------ Data provided ------
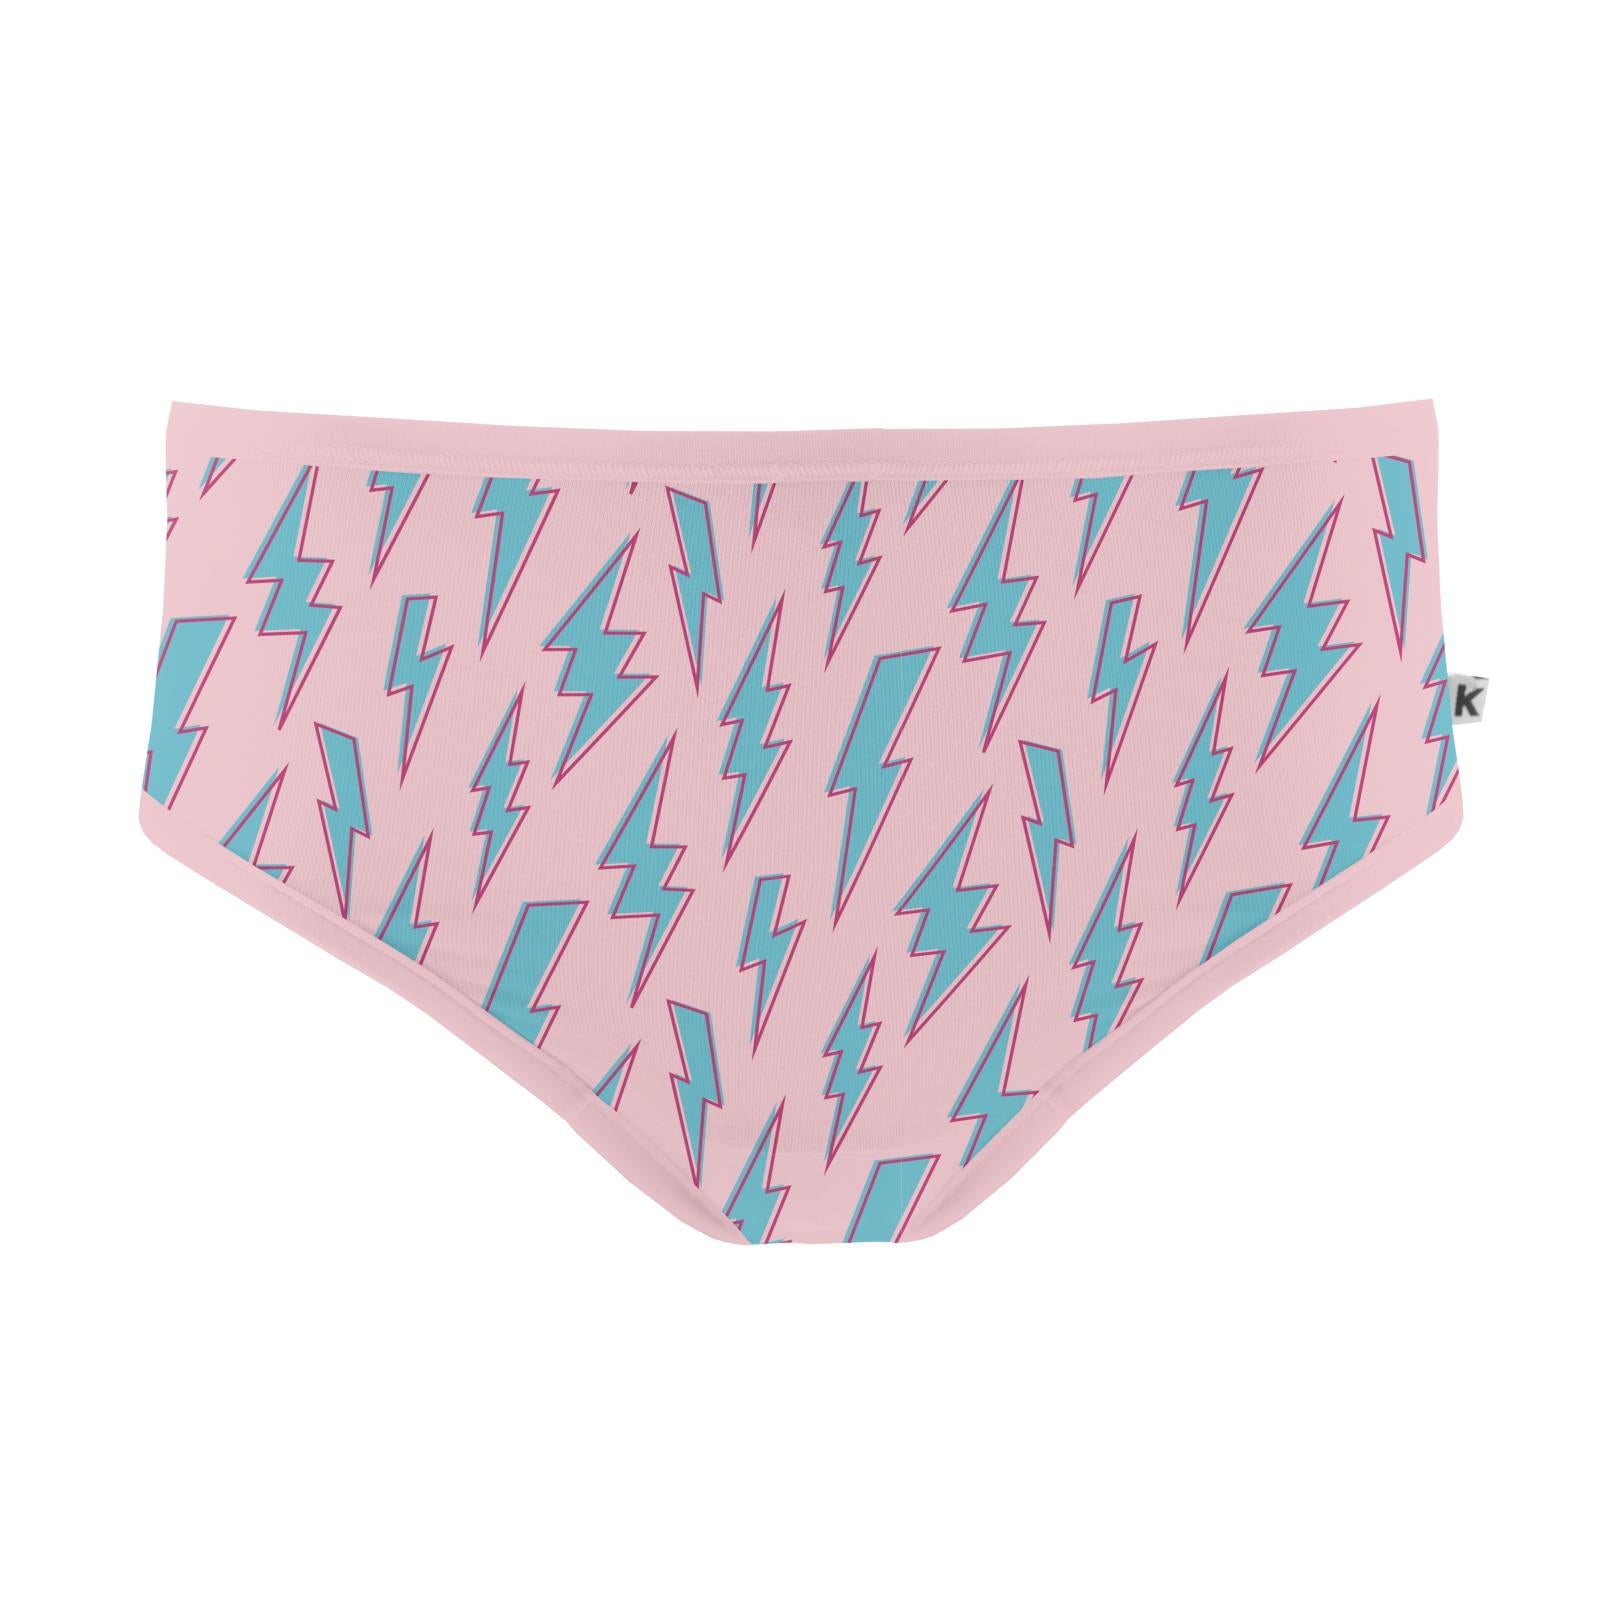 Kickee Pants Girls Print Underwear Set of 3 - Calypso Splatter Paint,  Confetti, Lotus Lightning
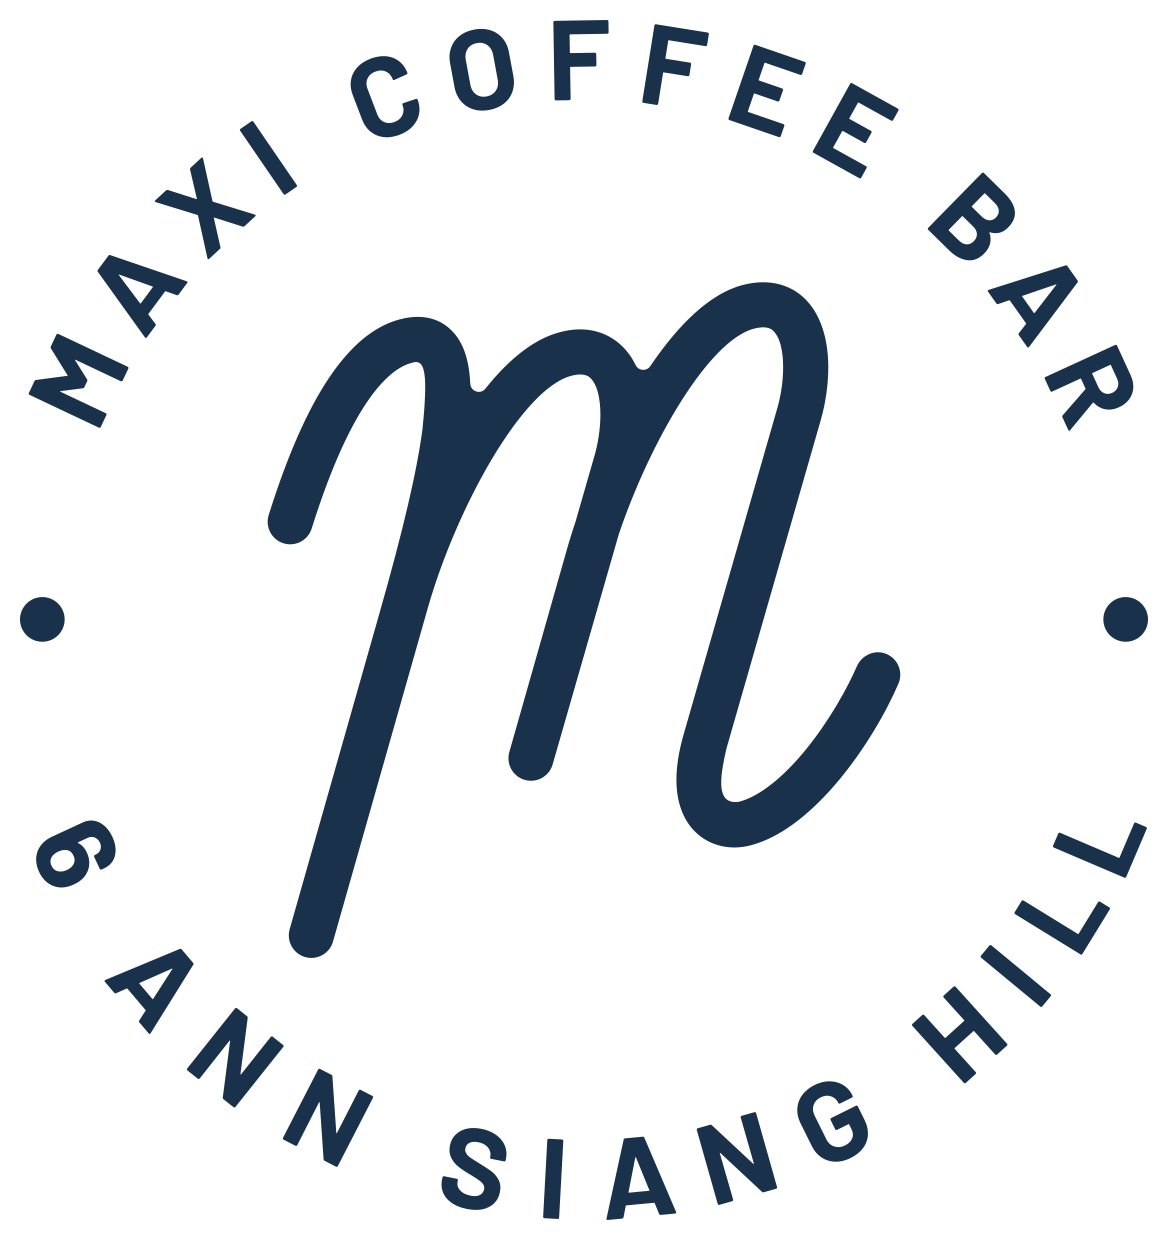 Maxi Coffee Bar
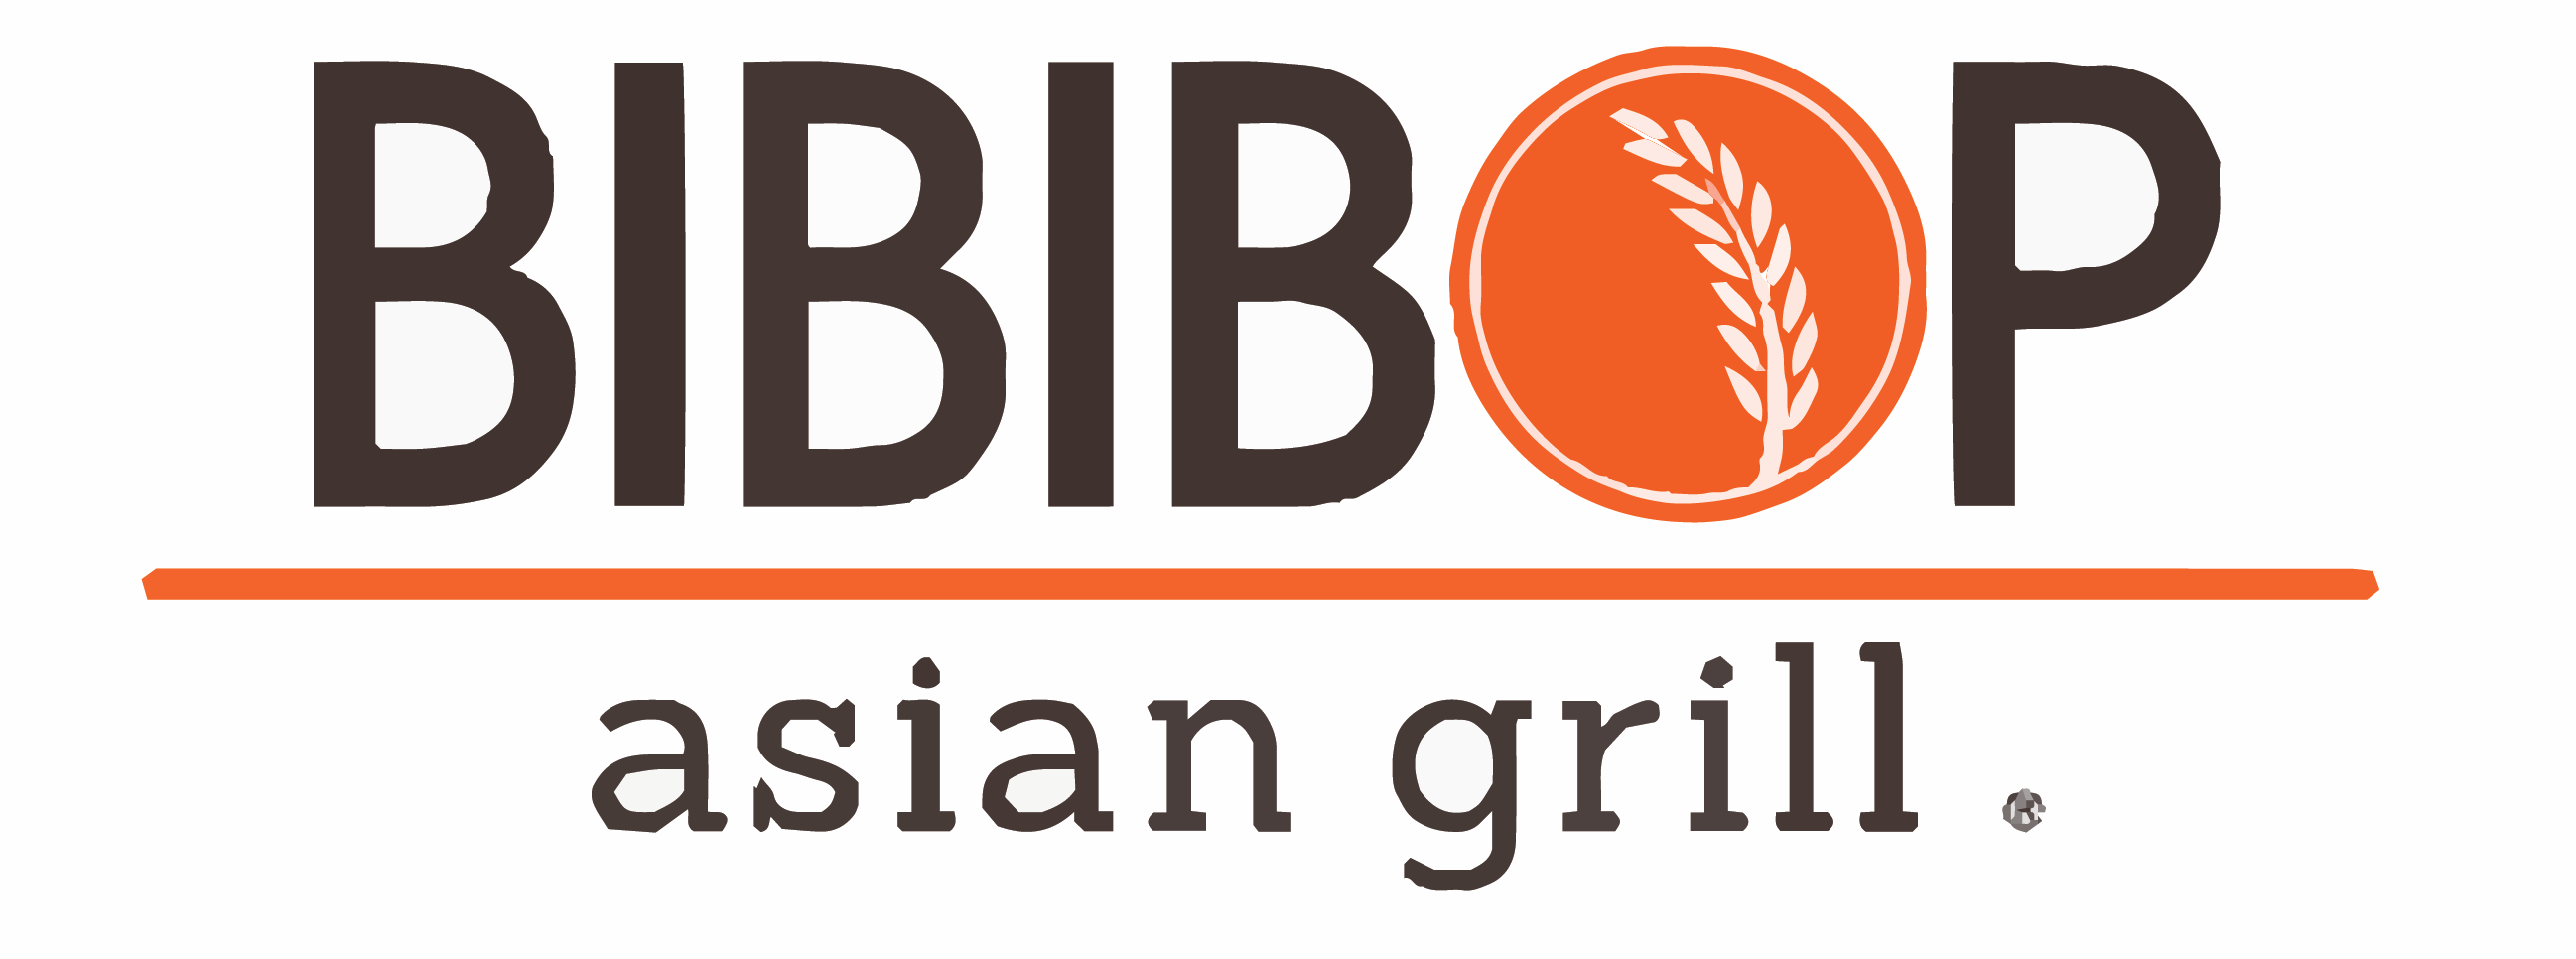 Bibibop Logo - Bibibop png image trace - Edge Real Estate Group
------
- [Instructions to follow]
Any images must be left out; transcribe the rest of the material exactly.

- [Result]
 Kickee Pants Girls Print Underwear Set of 3 - Calypso Splatter Paint,  Confetti, Lotus Lightning
 Maxi Coffee Bar
 Bibibop Logo - Bibibop png image trace - Edge Real Estate Group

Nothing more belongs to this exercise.